Por
Amor (II): El Templo de Pasos
EL SOTANO ENCIMA DE CASA
Teníamos un sótano de piedra en la azotea de casa. Una
construcción casi redonda (de lados innumerables), que vista
desde fuera, tenía ventanas y puerta, siempre abiertas. Por la
puerta del sótano sobre la azotea de casa, los advenedizos
intentaban saltear todo el tránsito de la cerca y el lodo, y el
césped con abrojos y los regaderos y el sendero de cal surcado
por corrientes de aire, y los focos de mercurio y las alfombras que
cuentan historias, y aparecer directamente
adentro: no sabían que llegar a casa era solamente el resultado
final de haberse atrevido a entrar, de haber demostrado que uno es capaz
y apto para entrar. El caso es que esa puerta, al igual que todas las
ventanas que exhibía el sótano de paredes de piedra sobre
la azotea, daba a un ambiente cuadrado y gris, asfixiantemente
pequeño y húmedo: cuando entraban por ella, orgullosos de
su artimaña, veían las paredes que azulaban gris, y
perdían inmediatamente su proyecto y el raciocinio que
creían albergar respecto de cuanto sucedía en casa,
siguiendo el cual habían atrevido su intento temerario de
intrusión.
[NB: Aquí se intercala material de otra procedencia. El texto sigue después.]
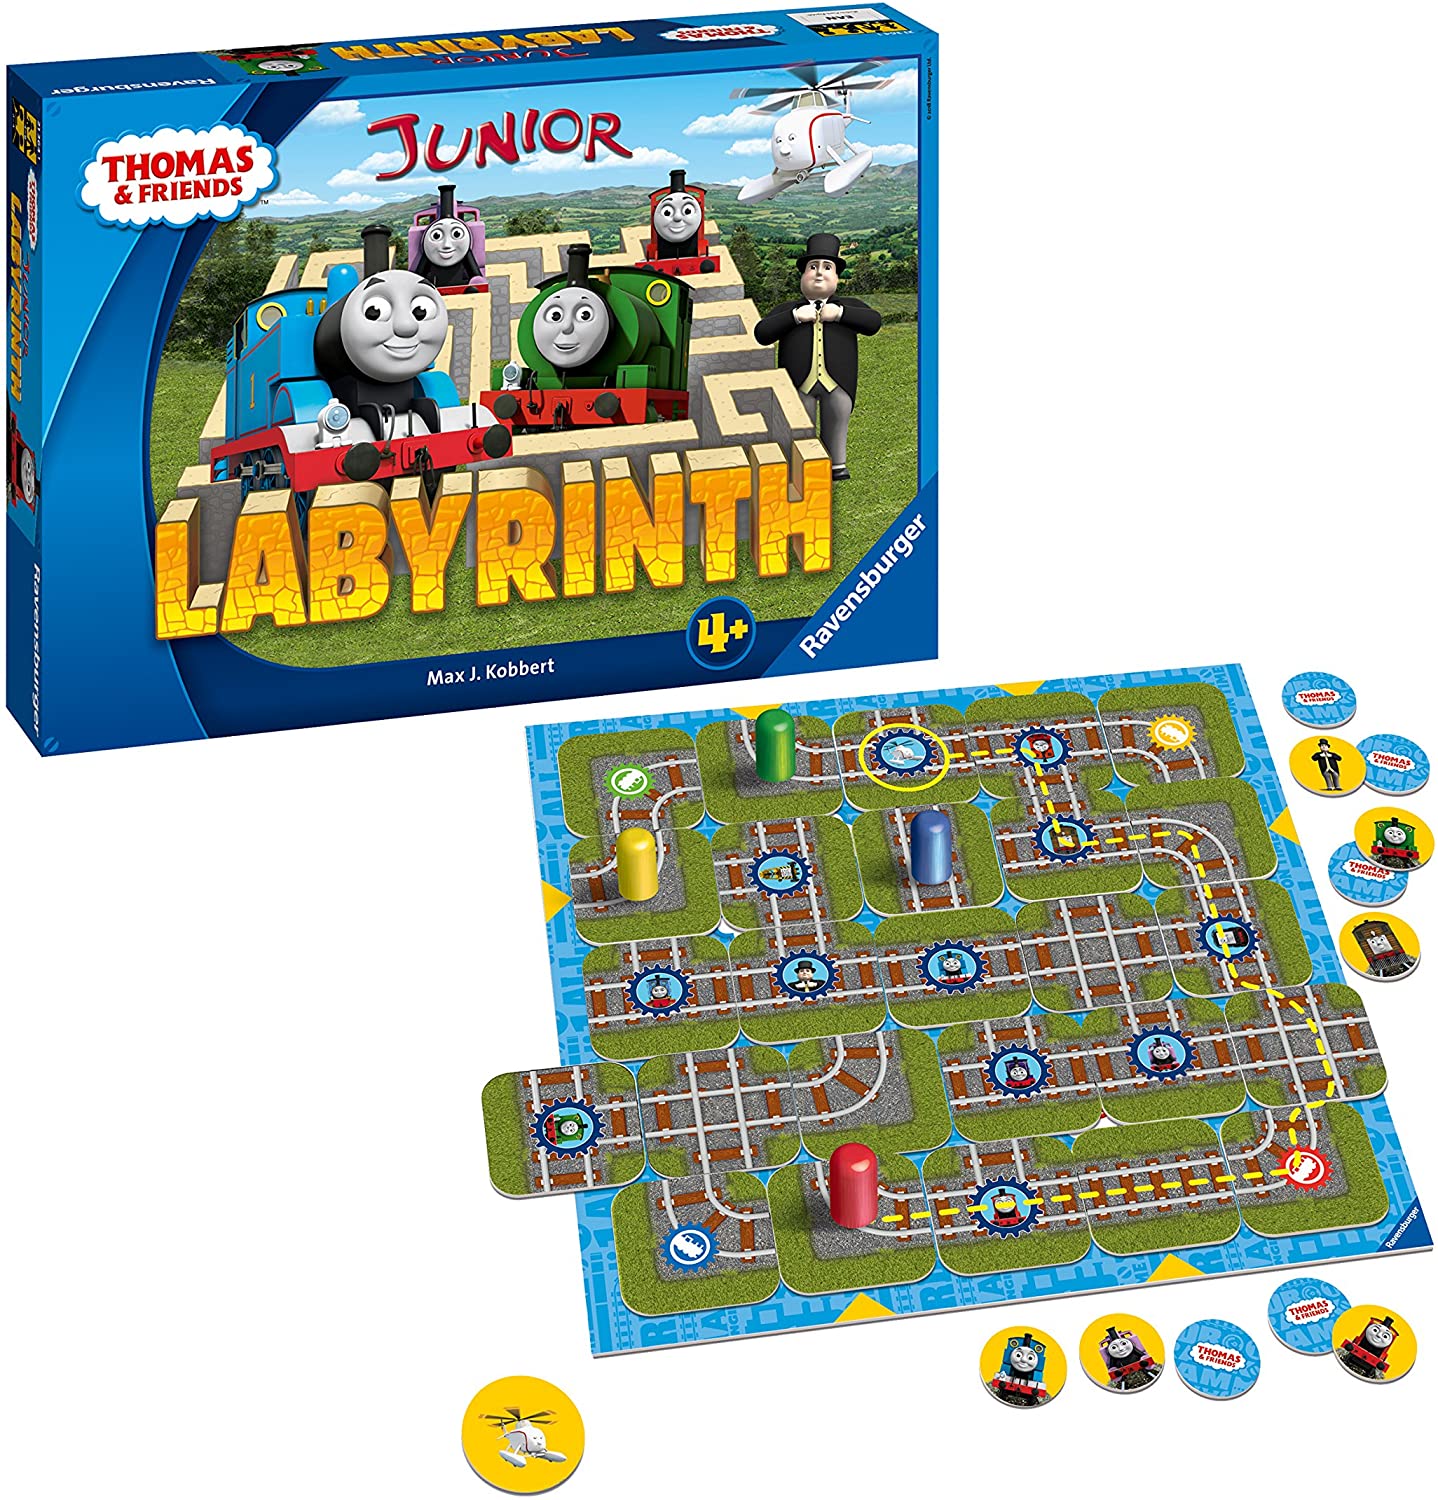 Ravensburger Thomas Labyrinth Game

Cada uno que caminaba el techo hasta las paredes del
sótano y se topaba con la trampa inconcebible de la celda
inhóspita aún si abierta, agregaba al imaginario de la
ciudad nuevos mitos estrafalarios acerca de nosotros. Se sentaban en los
cafés del centro y contaban por horas, desde la
interpretación que hubiera dado al fiasco su orgullo herido, de
qué se trataba en realidad nuestro círculo, y con
qué armas atraíamos la inspiración para crear. Casi
nunca entraba alguien al sótano verdadero, en la azotea de casa.
Al costado de la puerta que comunicaba el salón de las alfombras
con la recámara en que celebrábamos, había una
estantería que sólo sostenía una pequeña
burbuja de fuego en el estante del medio. Tras la estantería,
visible solamente cuando se caminaba desde el fondo de la
recámara rumbo a la entrada de casa, se abría una puerta
por la que había que ingresar agachado. Los primeros dos pisos
del descenso (unos treinta y tres escalones) eran oscuros y estrechos; a
veces, alguien que no se había integrado aún por completo
al régimen de vida de la casa llegaba por azar hasta ahí,
pero antes de completar estos dos primeros pisos entre tinieblas hacia
abajo, emprendía un precavido retorno para buscar reparo en el
aire fresco de la recámara. Mas quien continuaba el
descenso, recorría escaleras que se hacían más
anchas cada vez, y más blancas, y más curvas; escaleras en
un ambiente sin ángulos que viraban de pronto hacia lo que
parecían paredes o hacia el techo, al punto que tratar de retener
la discriminación entre arriba y abajo, entre derecha e
izquierda, hacía que el aventurero se perdiera por completo:
llegaban a deambular días por ahí hasta que alguna de las
trampas distribuidas por seguridad los devolvía a cualquier punto
del bosque de árboles con ese follaje plateado por arriba y
ceniciento por debajo, que se extendía detrás de casa.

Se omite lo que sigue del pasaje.